While he may not have been an academic superstar, the man is brilliant and a relentlessly insistent mentor. You may have heard: his teams at Carleton, never previously a basketball power, were winning national championships by his fourth season after taking the helm in his early 30s, and they’ve never stopped. That first title began streaks of five straight championships, thirteen consecutive national semifinals, and ten titles in the last 12 seasons. If that number sounds familiar, it tied one of the most storied records in the history of sport: John Wooden’s UCLA Bruin teams (Abdul-Jabbar, Walton, etc.) cut down NCAA nets in 10 of the Wizard of Westwood’s last dozen campaigns. The Ravens, with a win tonight, will play for an eleventh title in 13 years tomorrow. (My rundown on the opening round of the tournament, Carleton’s 40-point win, and the only two teams with a real chance to knock them off is here.)
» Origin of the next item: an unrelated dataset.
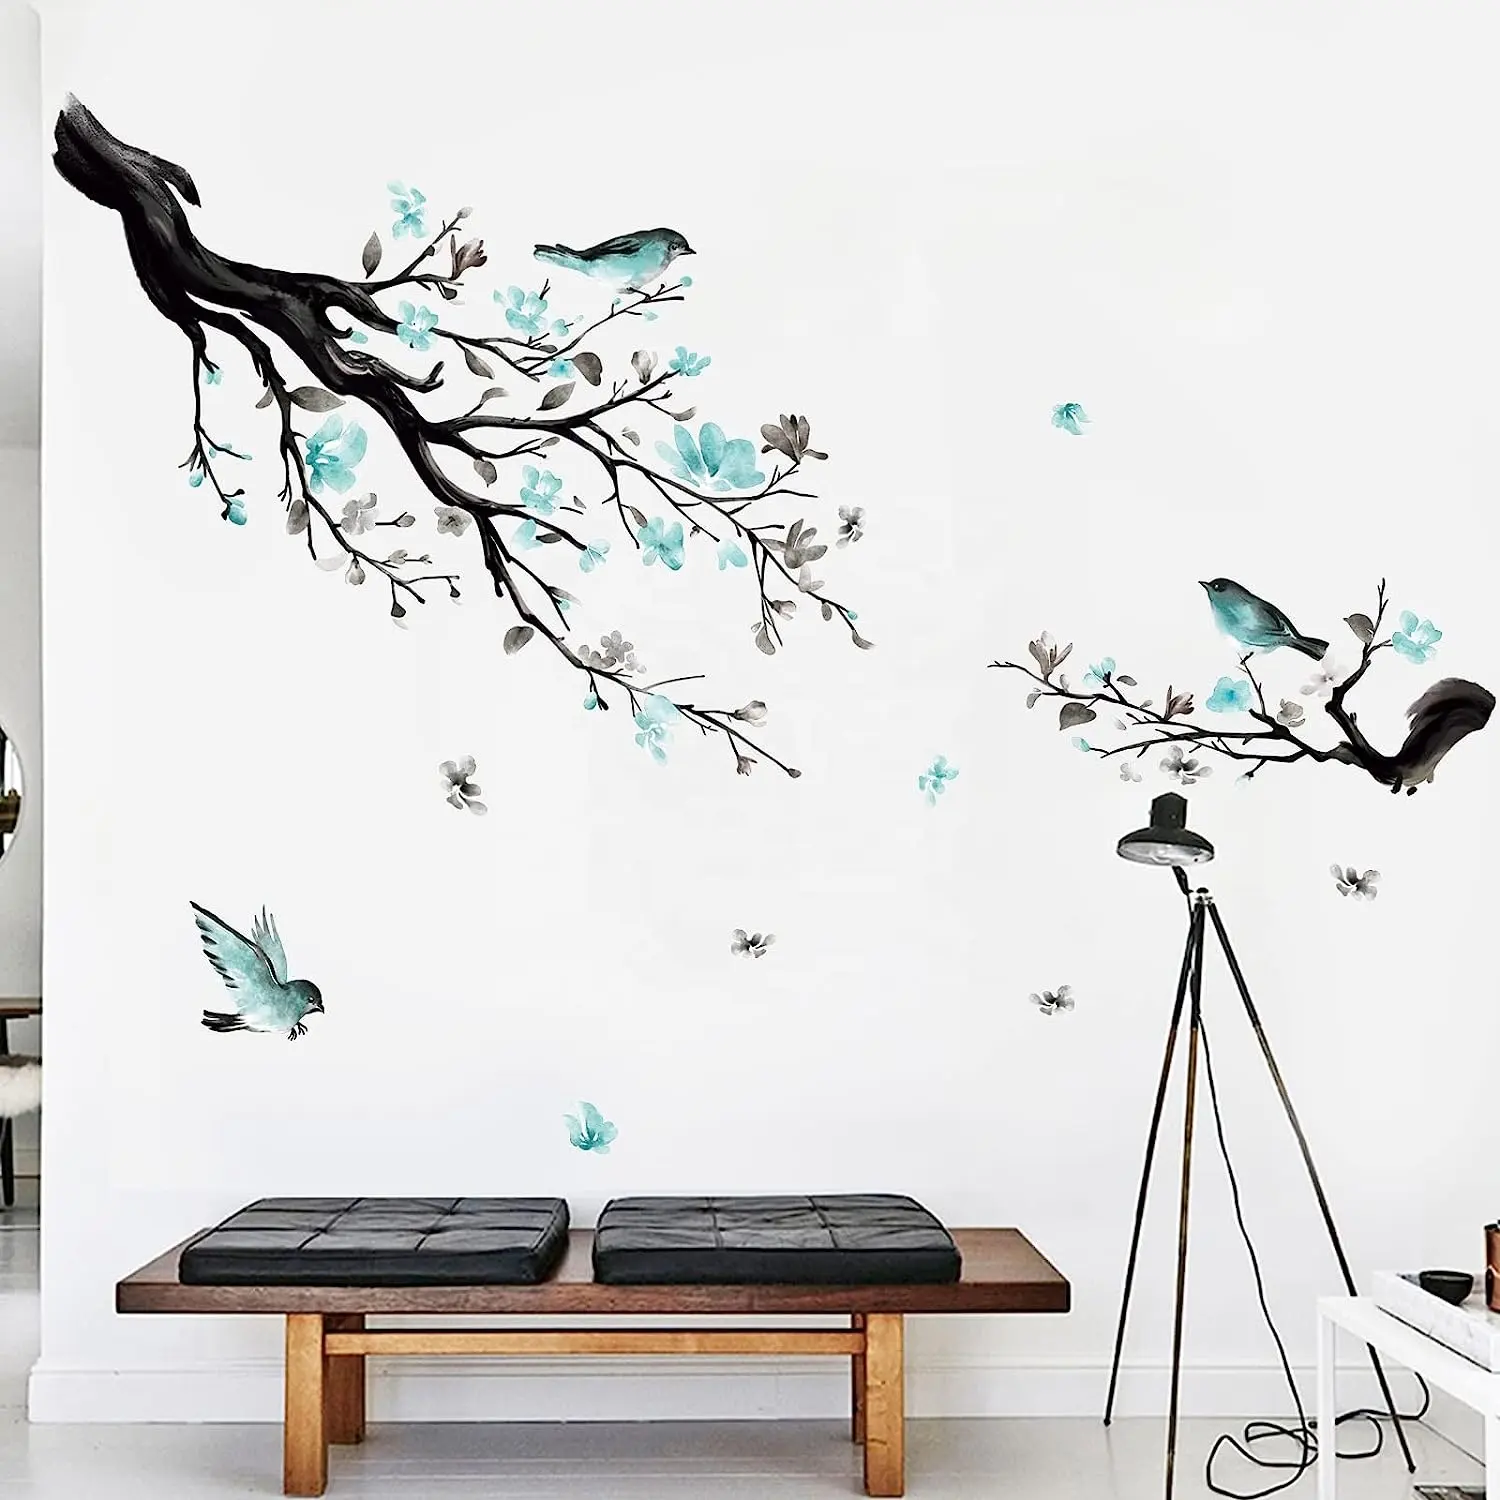 Vinyle personnalisé brillant mat stratification décoration murale autocollants arbre printemps stickers muraux pour la maison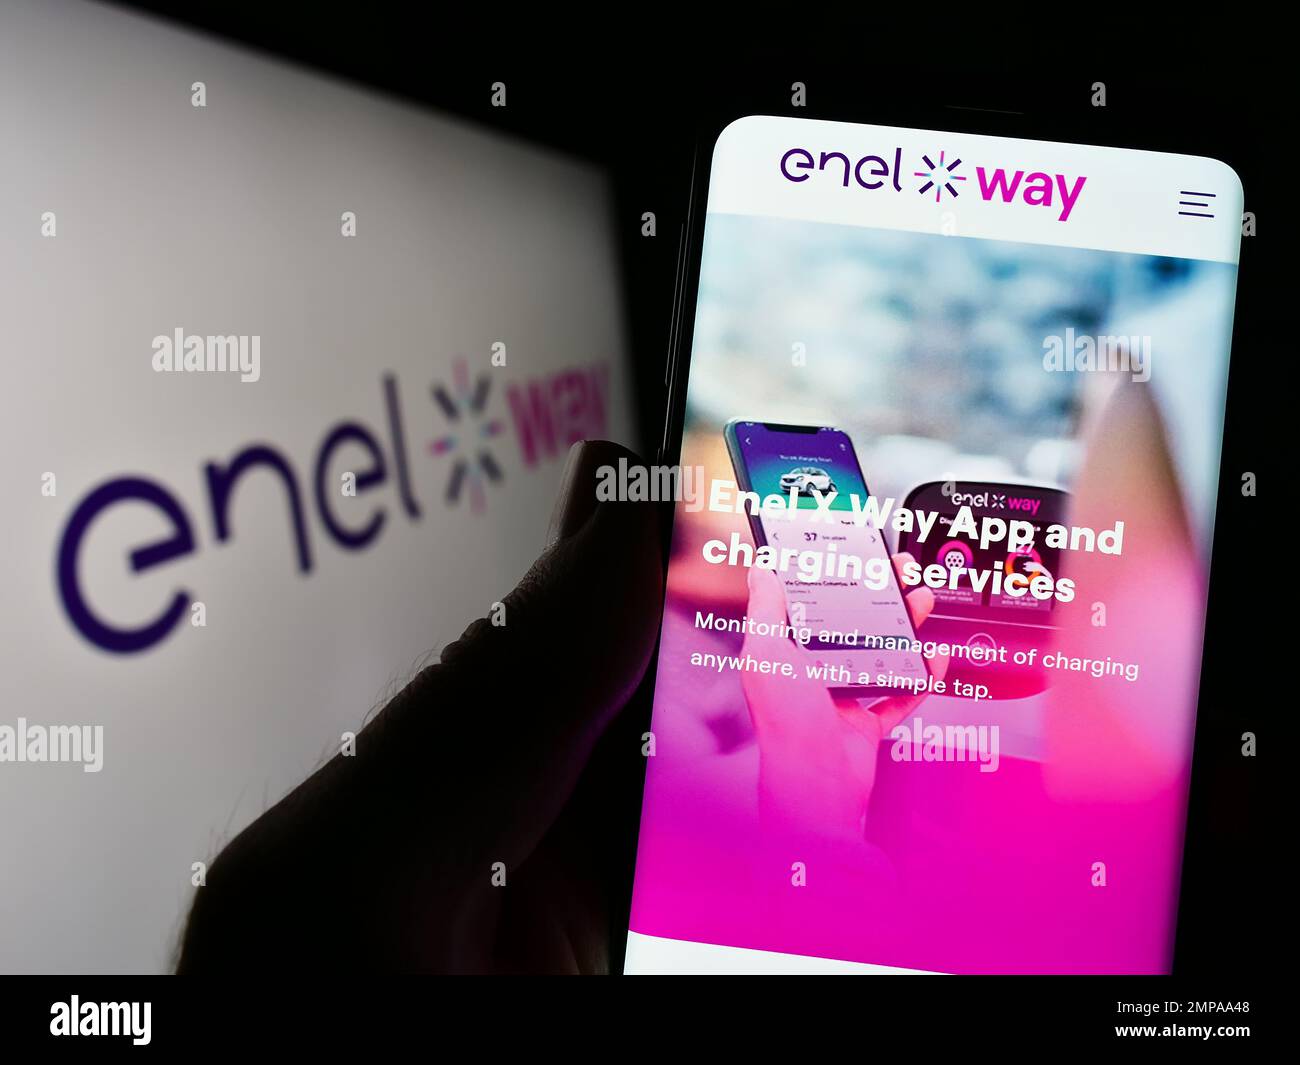 Persona che tiene il cellulare con pagina web della società italiana di mobilità elettrica Enel X Way sullo schermo con logo. Messa a fuoco al centro del display del telefono. Foto Stock

So, yeah. He’s pretty good, and I’ve been studying why. I’m starting to get it.And unlike, say, the University of Kentucky, the dominant American program, it’s not by massive injections of overwhelming athletic talent. While his team this year has two outstanding players in the Scrubb brothers, it hasn’t been a recruiting carousel at Carleton. A lot of athletes couldn’t stand his non-stop coaching and tree-top expectations. In a recent newspaper interview, Coach Smart offered a tribute to players on his first team — one that ended with a losing record — and thoughts on creating the Ravens milieu, in which excellence is a given, competitive greatness is required, and basketball perfection is the never-ending goal:

“We weren’t great our first year, but the culture was unbelievable and that set the tone for the rest of this time. It doesn’t matter what sport you’re coaching. It doesn’t matter where you are when you start coaching that sport. The number one thing is you have to get culture. It’s culture before talent.”

Dave Smart (b. 1966) was already coaching high school ball, very successfully, before he went to Queen’s University for an abbreviated but starry career. Passed over for the Queen’s job in his twenties, he ended up going to Carleton. 

Comments (3)

  1. Karl King

    It was a blessing for Smart to be passed over on the Queen’s job. Similar to Toronto, Queen’s students require far higher grade averages for admission than Carleton does, I would imagine, and I’m sure that would affect recruiting over the years. Just a theory, but similar to Brock (two National championships), the admissions standards may be a factor in recruiting. Thoughts?

    • There is likely truth to what you say, Captain King, and to Brock could be added Brandon, maybe some of the Atlantic schools that have won. I don’t know, but I have heard that Carleton is not the “Last-chance U” that it was once commonly thought to be.